• In genuine democracies, vanquishing a bitter political opponent at the polls is sweet enough revenge for many a politician
• A tamed Ruto presidency would be preferable than one where the man is left free reign to do as he pleases.
The dictionary tells us to revenge is to exact punishment or expiation for a wrong on behalf of someone or self, especially in a resentful or vindictive spirit.
In genuine democracies, vanquishing a bitter political opponent at the polls is sweet enough revenge for many a politician. However, in some cases such as what happened in the US in 2016, emerging victorious and being sworn in as President over Hillary Clinton was not sweet enough revenge for Donald Trump.
The President to this day still dreams of literally locking Hillary in jail to be satisfied that he has finally defeated her.
It’s uncouth machination but not unlike what one would expect from one William Ruto — or at least some of his brut loyalists — were he to somehow become the next President.
In the unlikely event Ruto becomes President — against all these odds against him — the Bible-toting man from Sugoi will promptly ignore the book of Leviticus 19:18, in which Christians are counselled not to seek revenge or bear a grudge against anyone.
Instead, it seems the Fifth Kenyan President and his henchmen would make sure his real and perceived political enemies pay hapa duniani [pay here on earth].
We have seen tale-tell signs of this already. Most recently was Ruto’s reaction to a scathing rejoinder from ODM following his television interview on Citizen TV to offer what ODM secretary general Edwin Sifuna termed as falsehoods.
Through spokesperson David Mugonyi, Ruto said, "The incoherent, rabid juvenile rant by Sifuna is so ridiculously uneducated, spectacularly unhinged, desperately delusional that out of compassion, it must be forgiven and ignored."
Except it was not ignored, neither is it forgotten, let alone forgiven.
What’s of note here, however, is not the insults which are mild going by the bile we’ve become accustomed from certain politicians; rather, it is the very fact Ruto found it necessary to have his spokesman hurl the insults.
Not that Ruto is incapable of hurling the same insults himself or worse.

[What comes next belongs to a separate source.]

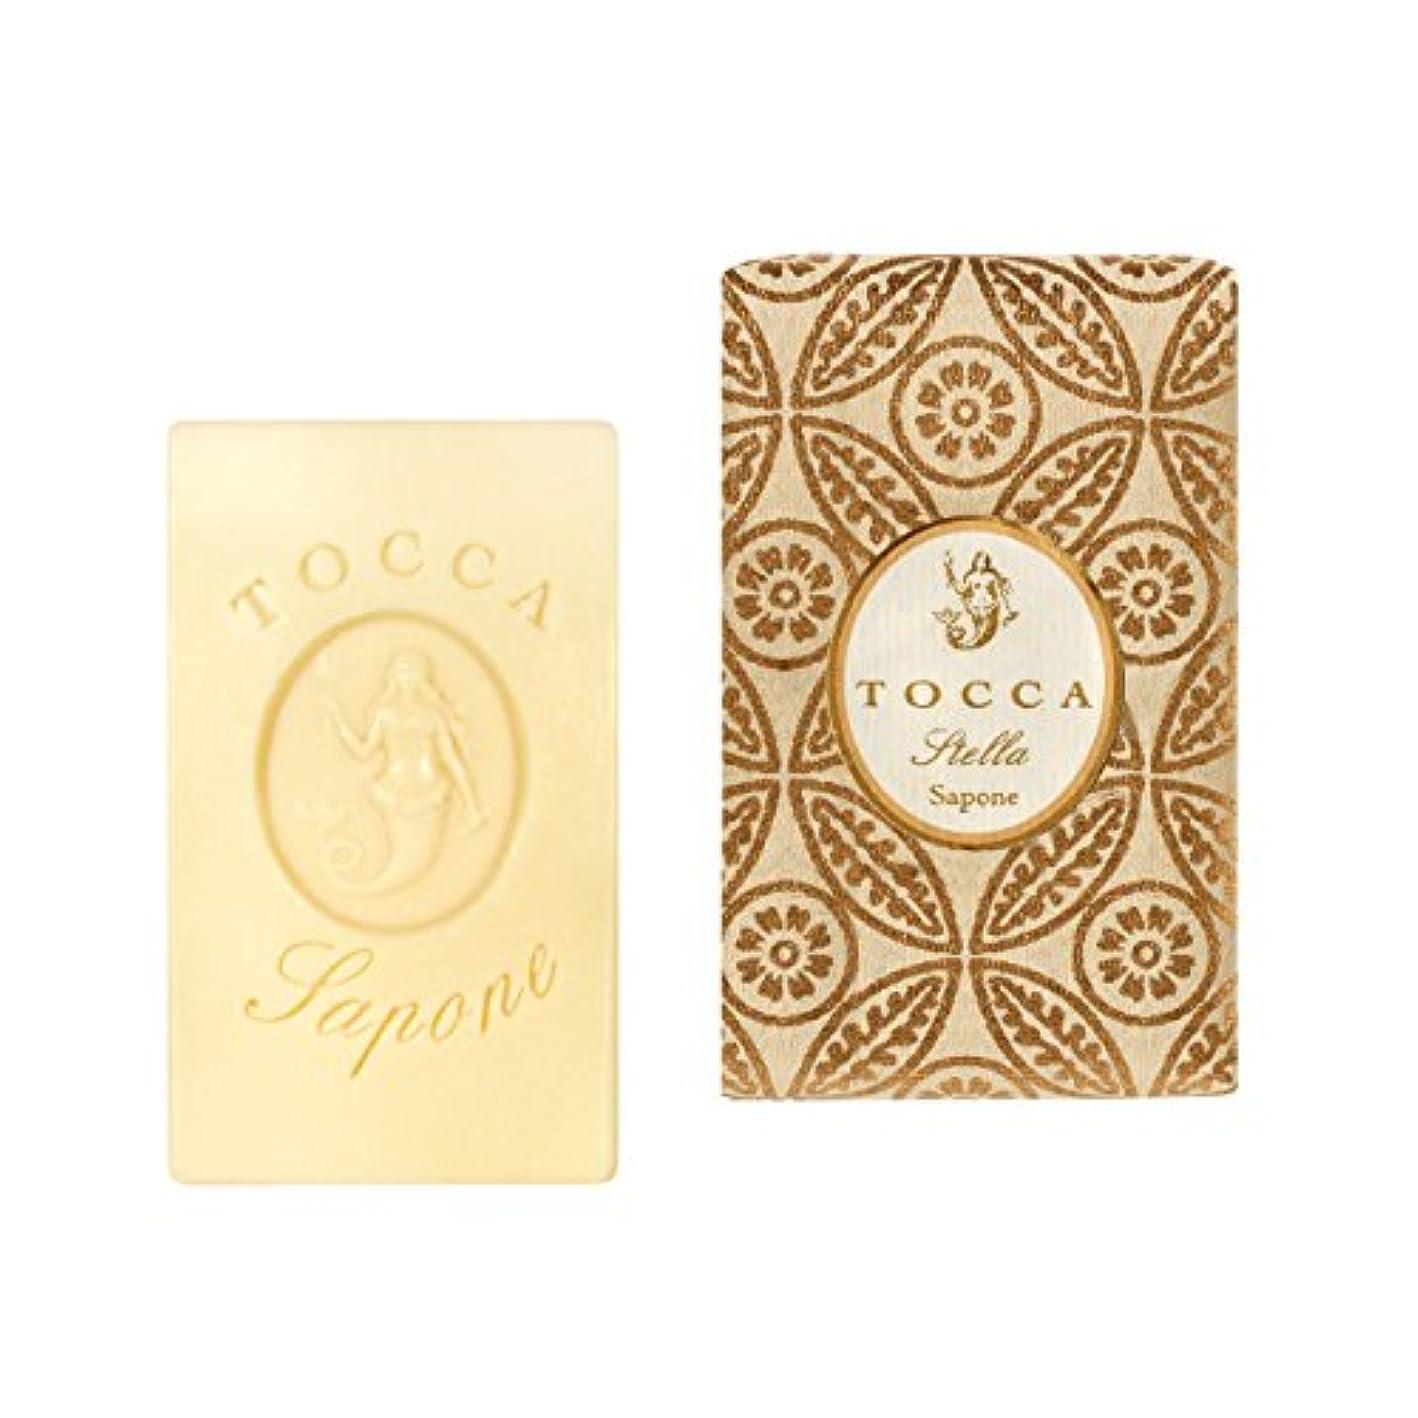 暗くする賞賛チューインガムトッカ(TOCCA) ソープバー ステラの香り 113g(石けん 化粧石けん イタリアンブラッドオレンジが奏でるフレッシュでビターな爽やかさ漂う香り)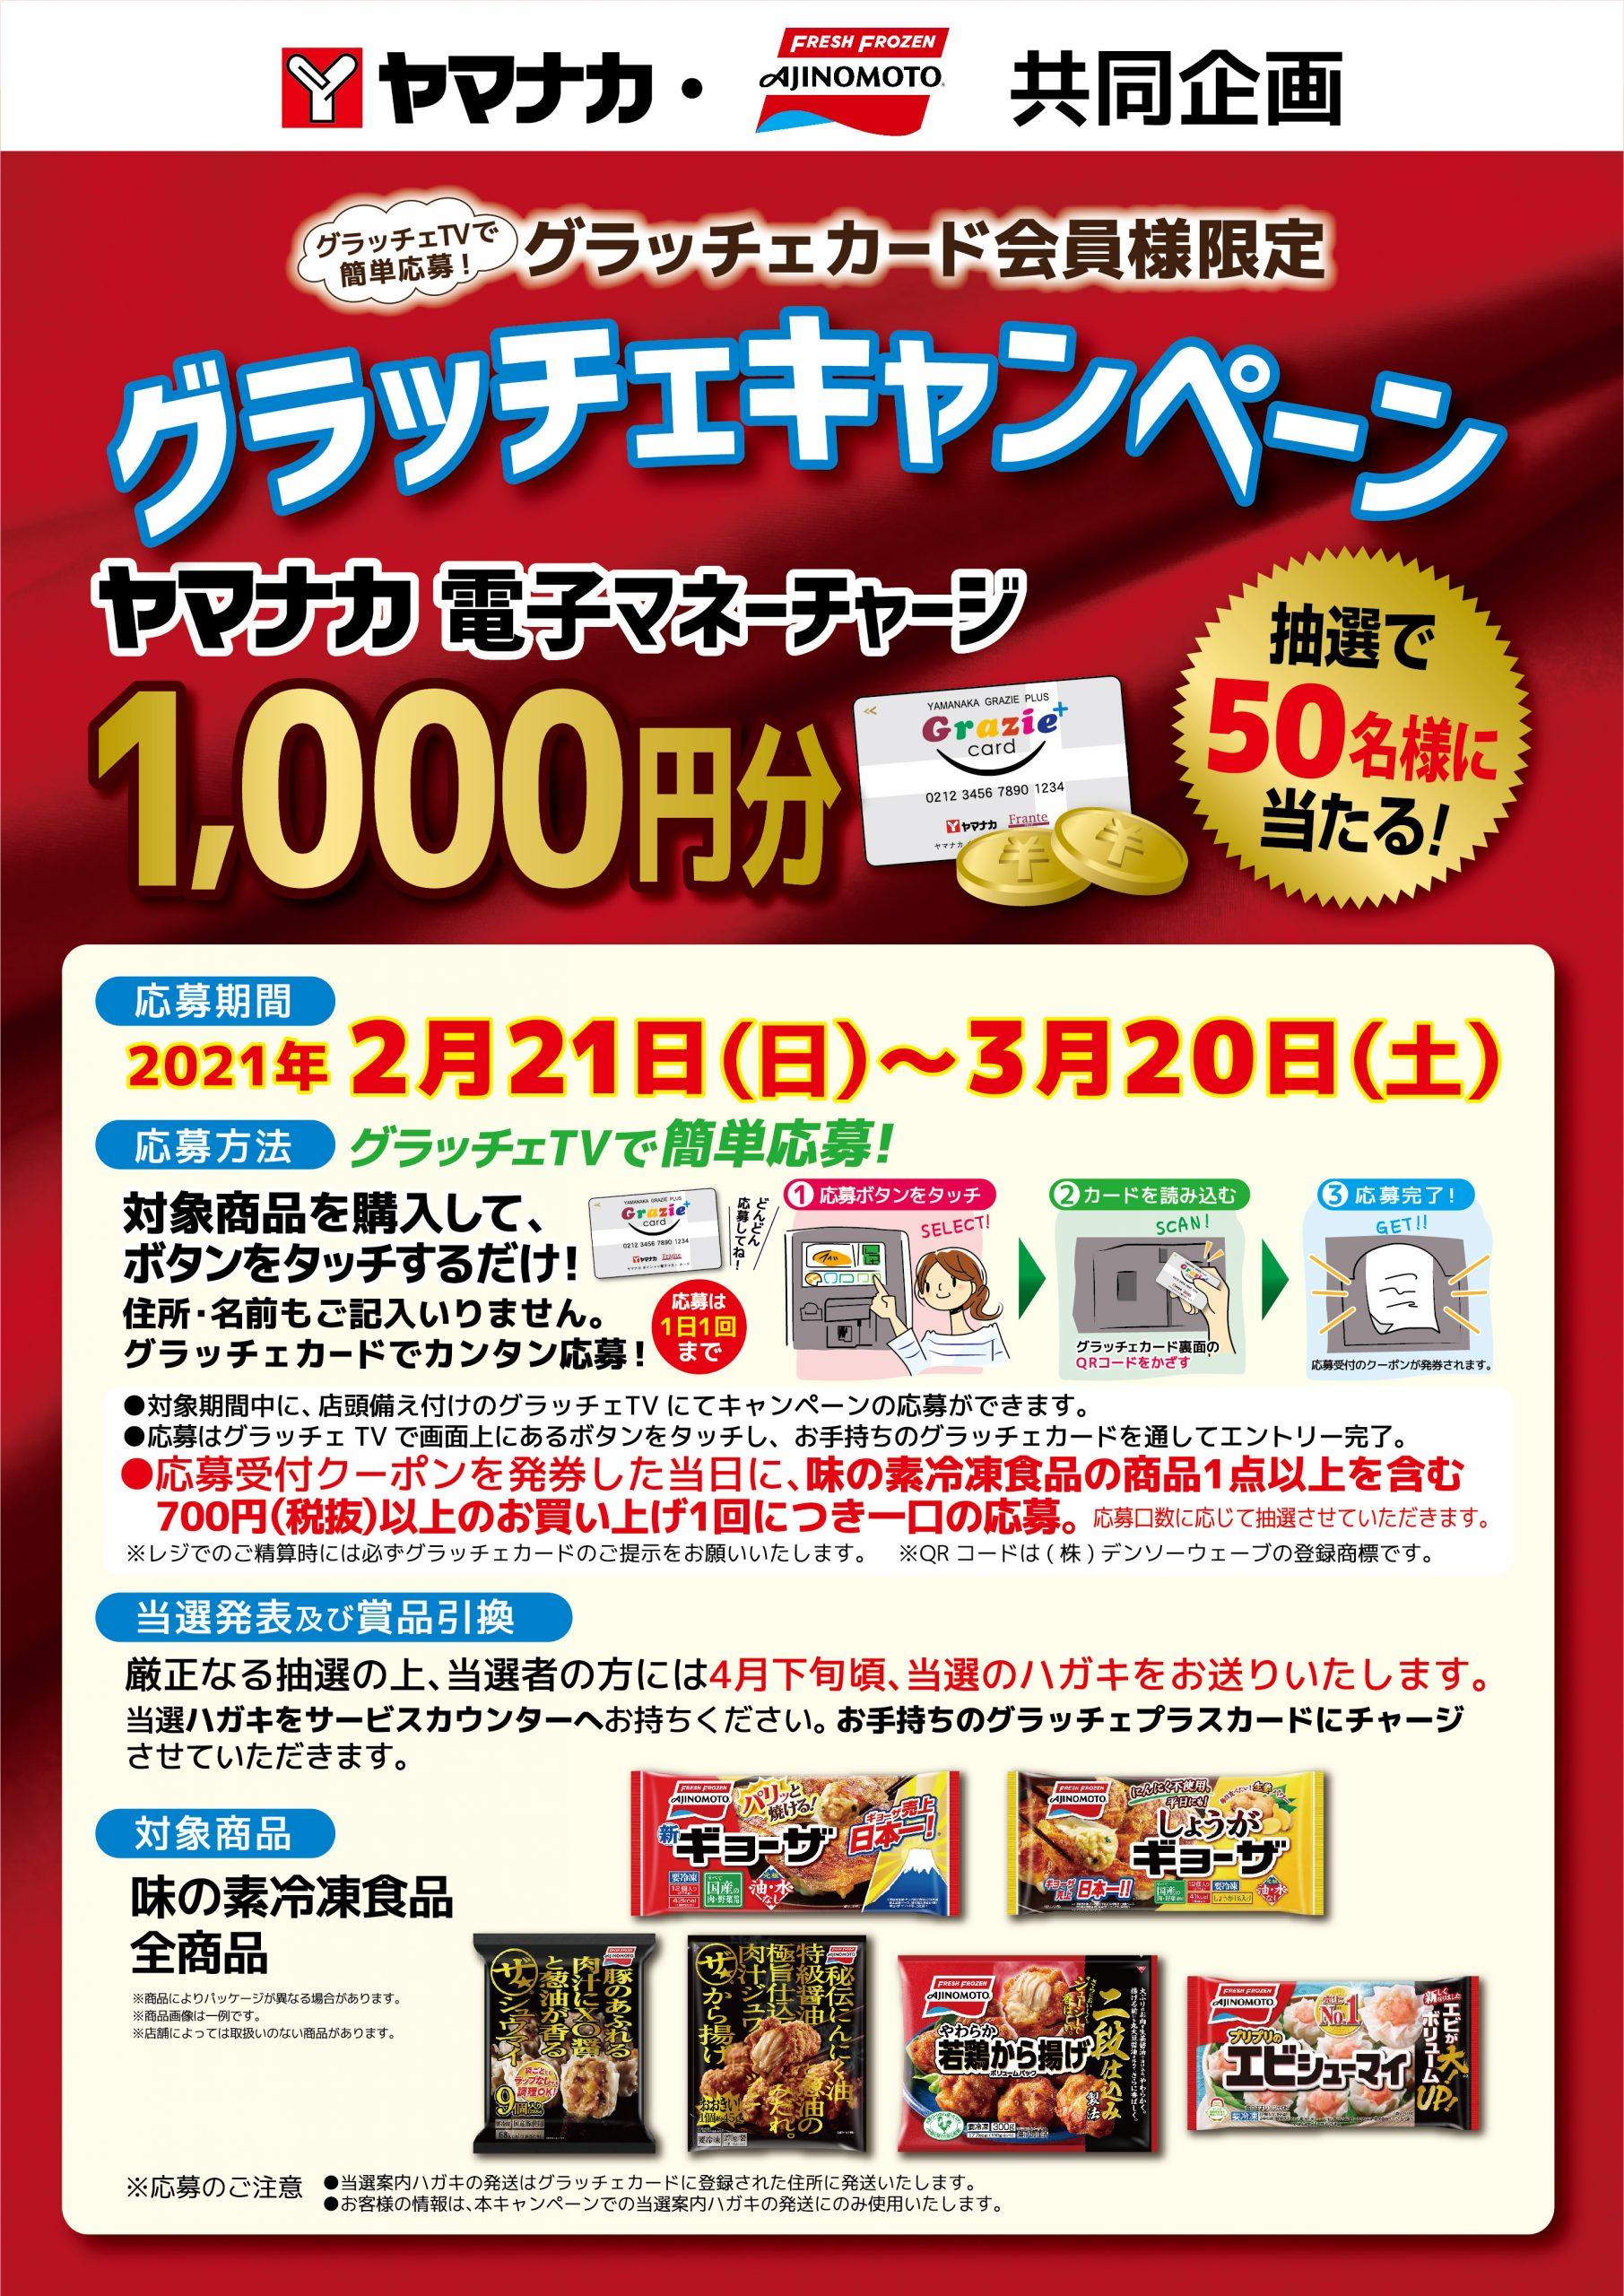 https://www.super-yamanaka.co.jp/wp/super/wp-content/uploads/2021/02/0221azinomoto-scaled.jpg

He is, and we have had a good doze of it publicly and will continue to the day the question of his occupying State House is settled, if not beyond.
Meanwhile, the question to ponder is, would a man who has his spokesman hurl insults at an opposition party secretary general in response to what he perceives as wrongs be above using the full powers of the Office of the President and Commander-in-Chief to punish his political opponents and perceived or real enemies?
The answer is a resounding No.
That being the case, President Uhuru Kenyatta owes those in the “Kieleweke Team (the anti-Ruto brigade within the ruling party) and the opposition the favour of a political survival insurance plan in the event Ruto overcomes both the popular vote and benevolent vifaranga vya komputa to become President.
That insurance Plan must include in the least purging of the most hardcore Ruto allies in key government positions and replacing them with at least those who would not take the hammer and start hammering on orders of Ruto, were he to become president.
Such a purge and replacement would also serve a parallel national interest and that is, to make sure were Ruto to take over power, he would not become the dictatorial, no-compromise my way or the highway president many fear he would be.
Were such an insurance policy put in place and effectively and strategically deployed, then it wouldn’t matter who becomes president for in the worst scenario, it would be one too hamstrung to be effective against a “deep state,” meaning anti-Ruto and pro-handshake loyalists deeply entrenched in key parts of the government.
In other words, a tamed Ruto presidency would be preferable than one where the man is left free reign to do as he pleases.